- **Stored data**:
---*---
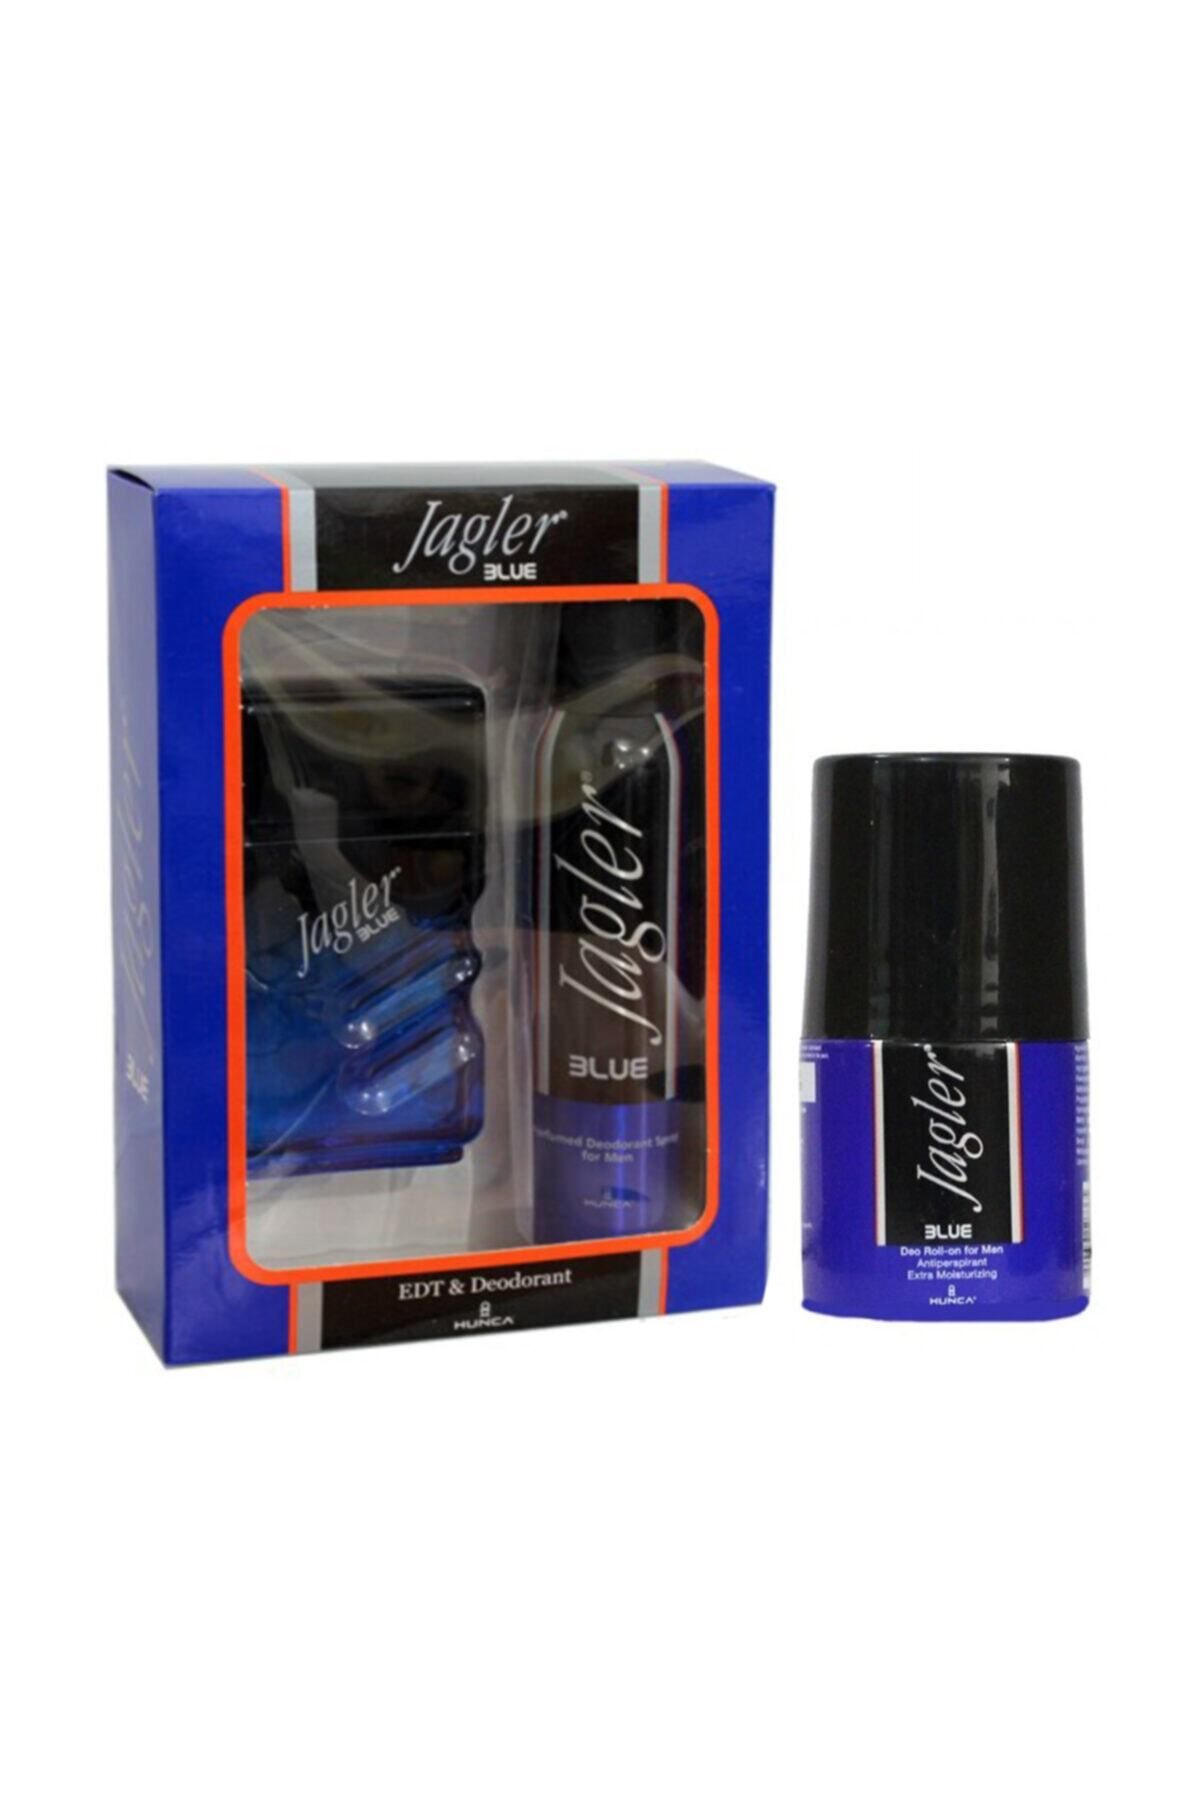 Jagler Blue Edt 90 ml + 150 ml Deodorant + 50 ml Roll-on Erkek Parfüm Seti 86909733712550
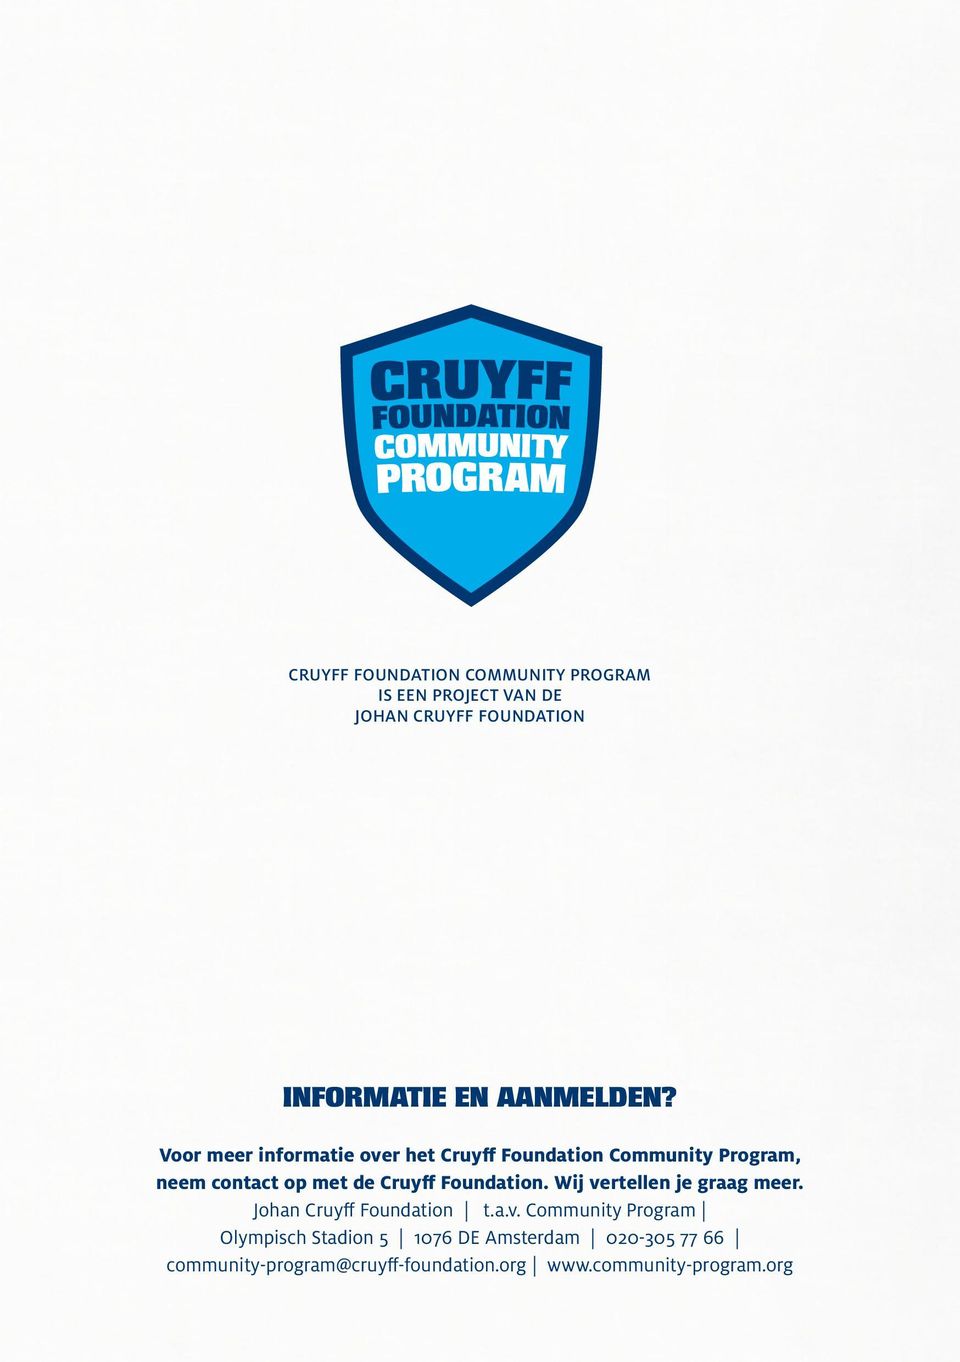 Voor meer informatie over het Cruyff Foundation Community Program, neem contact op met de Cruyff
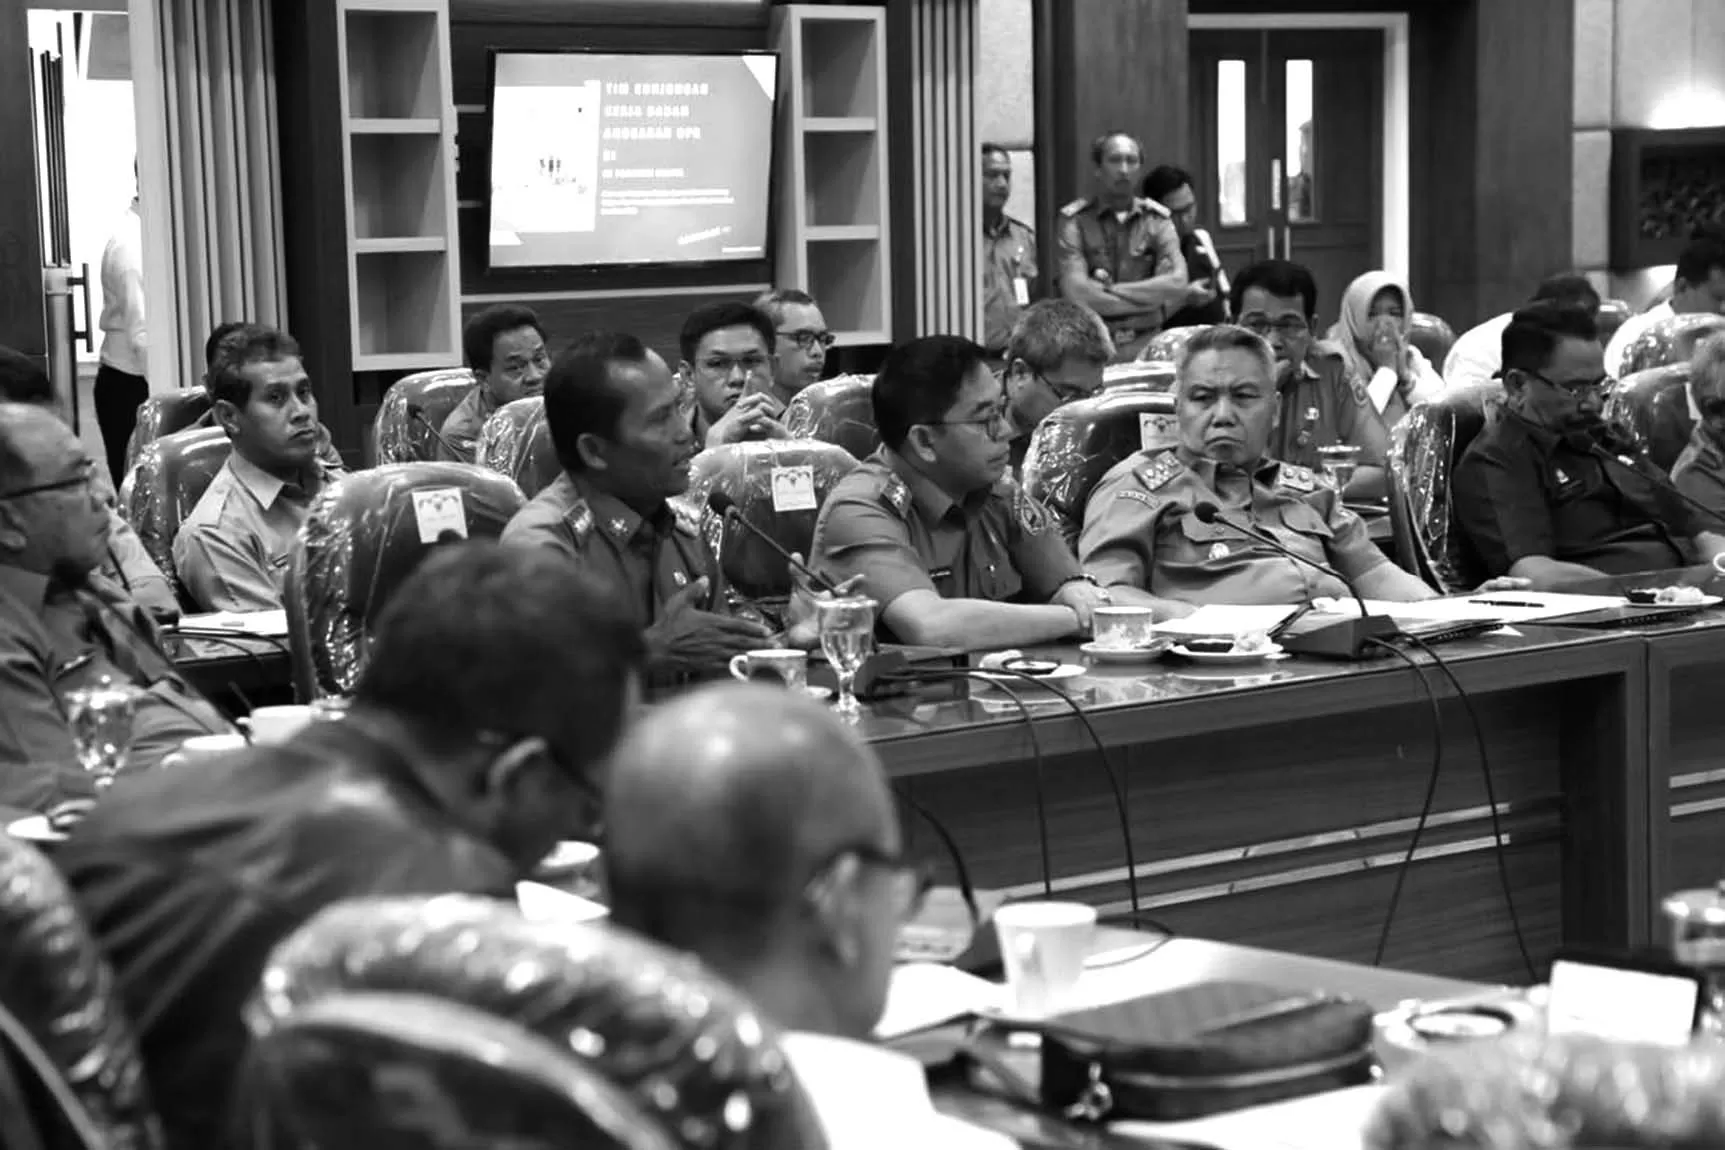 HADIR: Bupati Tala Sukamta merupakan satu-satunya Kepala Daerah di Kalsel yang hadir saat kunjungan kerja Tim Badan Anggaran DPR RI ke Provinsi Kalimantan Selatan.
---*---
- **What the task asks**:
Restate the listing above word for word. Leave the images out.

- **Result below**:
 Jagler Blue Edt 90 ml + 150 ml Deodorant + 50 ml Roll-on Erkek Parfüm Seti 86909733712550
 Voor meer informatie over het Cruyff Foundation Community Program, neem contact op met de Cruyff
 HADIR: Bupati Tala Sukamta merupakan satu-satunya Kepala Daerah di Kalsel yang hadir saat kunjungan kerja Tim Badan Anggaran DPR RI ke Provinsi Kalimantan Selatan.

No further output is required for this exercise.